Outside his tent, he heard drunken shouts and the terrified screams of women captured at the fall of Peking, now condemned to live out the rest of their short lives as barbarian playthings. His position as Chief Astrologer had assured his own survival and his newfound status allowed him a certain degree of privacy, but his modern conscience made it impossible for him to ignore some of the indecencies of conquest’s aftermath.
He groaned as yet another woman screamed piercingly, her long despairing cry cut short by a guttural oath and the sharp crack of an open-handed blow. Then there was silence, almost, as the woman's quiet sobs were drowned out by a sudden gust of wind from the north. The tent rattled and shook, but held firm and Yung Chu rolled over on his side in a futile search for sleep. It had been a long night.

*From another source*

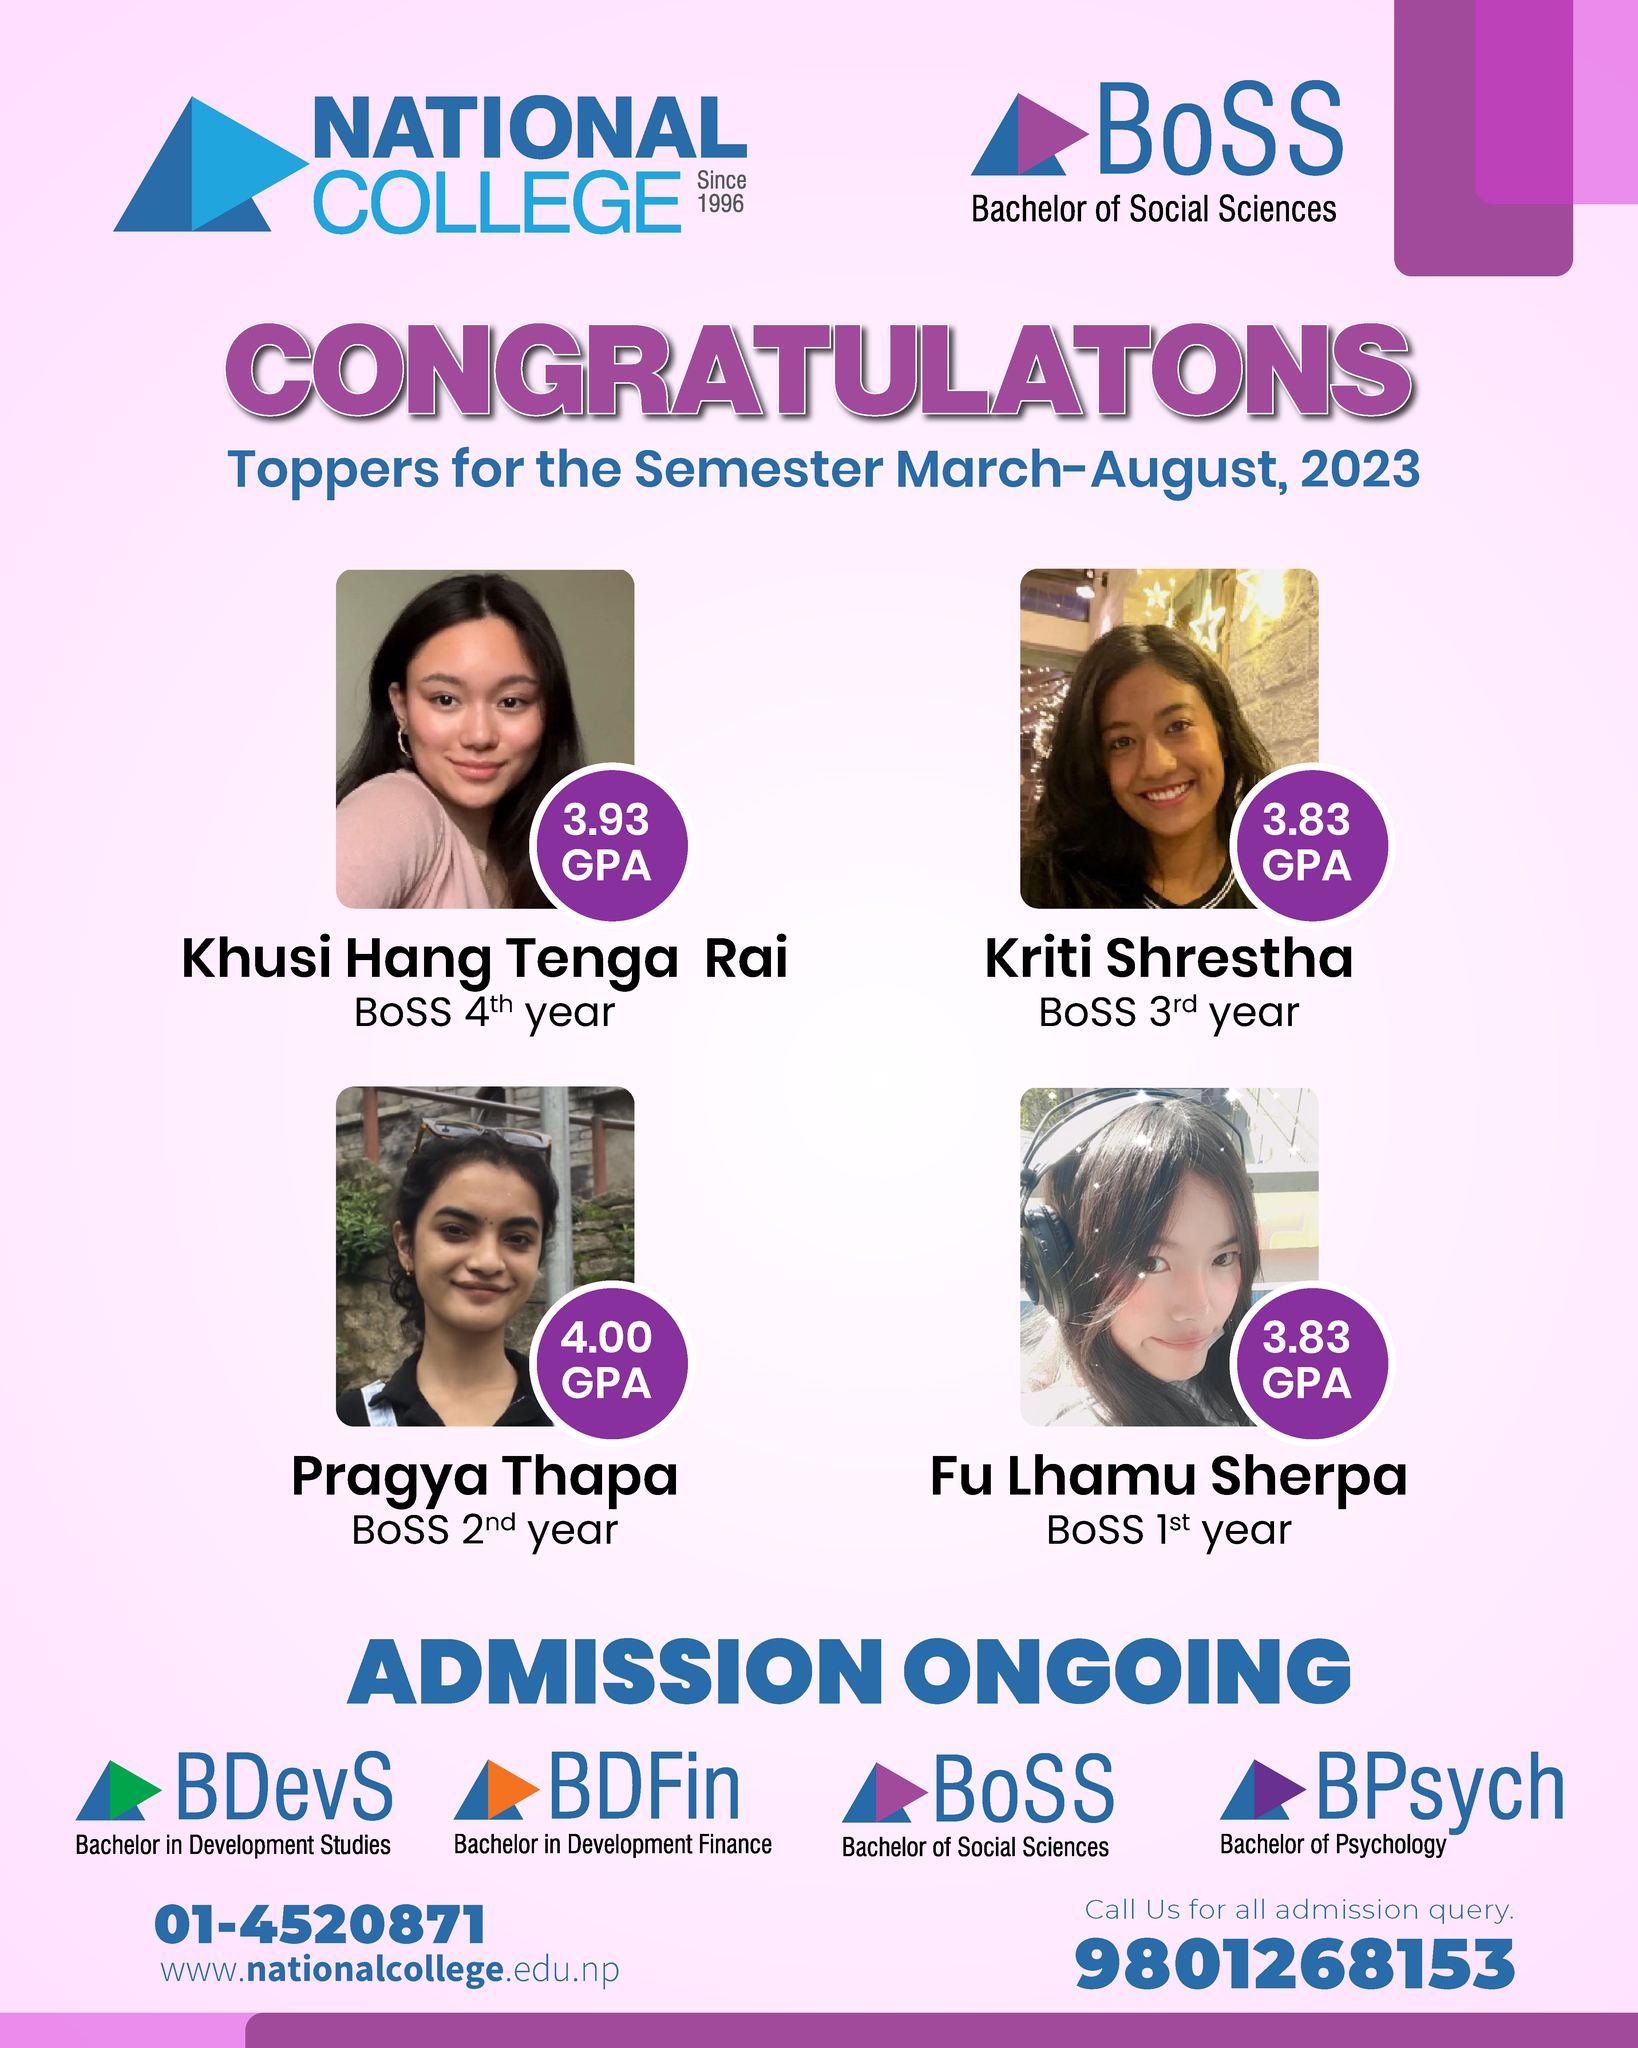 CONGRATULATONS Toppers for the Semester March-August, 2023 #BoSS

Just as the first rays of dawn were appearing in the east, a hand grasped his shoulder and shook him awake. Yung Chu started momentarily at the man's rough Mongolian speech and then relaxed as he remembered where he was. And, he reminded himself, who he was supposed to be.
"You are to attend the Khan at his council, immediately!" the soldier ordered.

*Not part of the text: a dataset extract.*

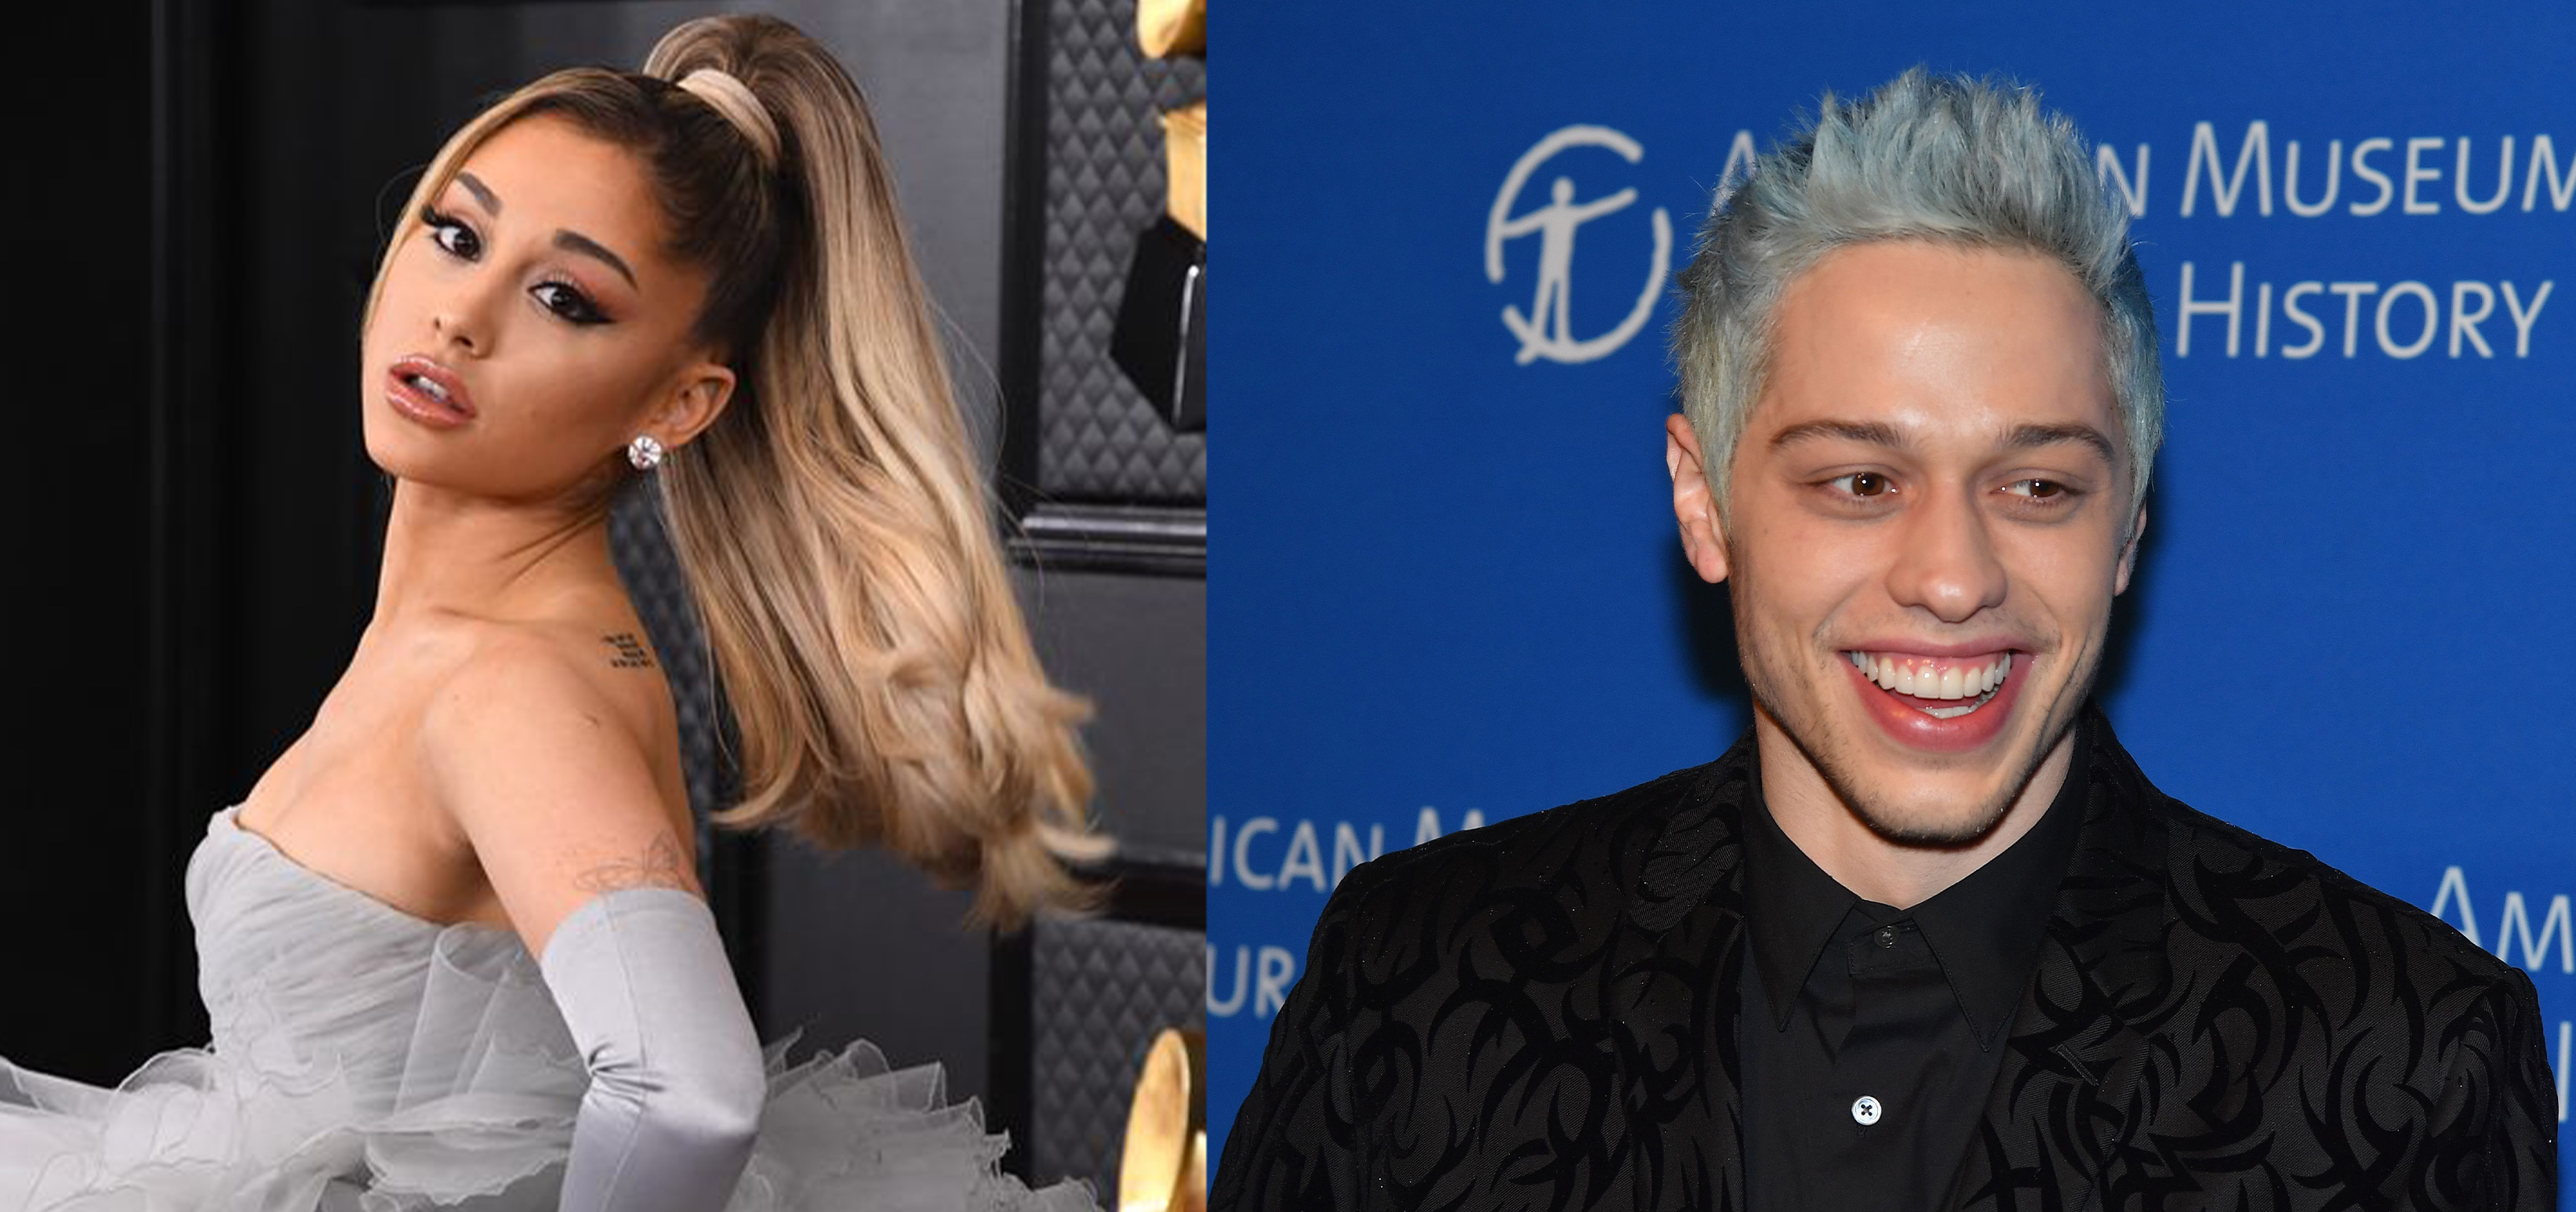 A RELATIONSHIP DISTRACTION? SNL’s Pete Davidson Responds To Ariana Grande’s Diss: You Are “Bill Board’s Woman Of The Year”, While I’m “Butt-hole Eyes From Barstoolsports.com.”

His soft leathers and fine Chinese sword marked him as one of the Khan's personal bodyguards, his presence a testimonial to the high regard in which the Khan held his Astrologer. Not a bad omen, thought Yung Chu.
He rubbed the sleep from his eyes and glared at the bodyguard's pockmarked face. "Where is it being held?" he asked, replying in the barbarian tongue.
"The Great Yurt, of course."
"Very well." He stood and looked down his nose at the shorter Mongol. "You will wait outside while I make my preparations. Then you will escort me to the council!"
He gestured his dismissal and the Khan's bodyguard, taken aback at his firmness, bowed deeply.
"Yes sir! I am at your command."
A few minutes later he strode confidently into the Khan's goatskin tent. It was huge, large enough for the ruler of many lands and diverse peoples to hold court in. Now it was half empty, with only a score of servants and pleasure girls wandering about inside the interior, oblivious to the warlike men clustered around a large man seated on a cluster of pillows towards the back of the tent.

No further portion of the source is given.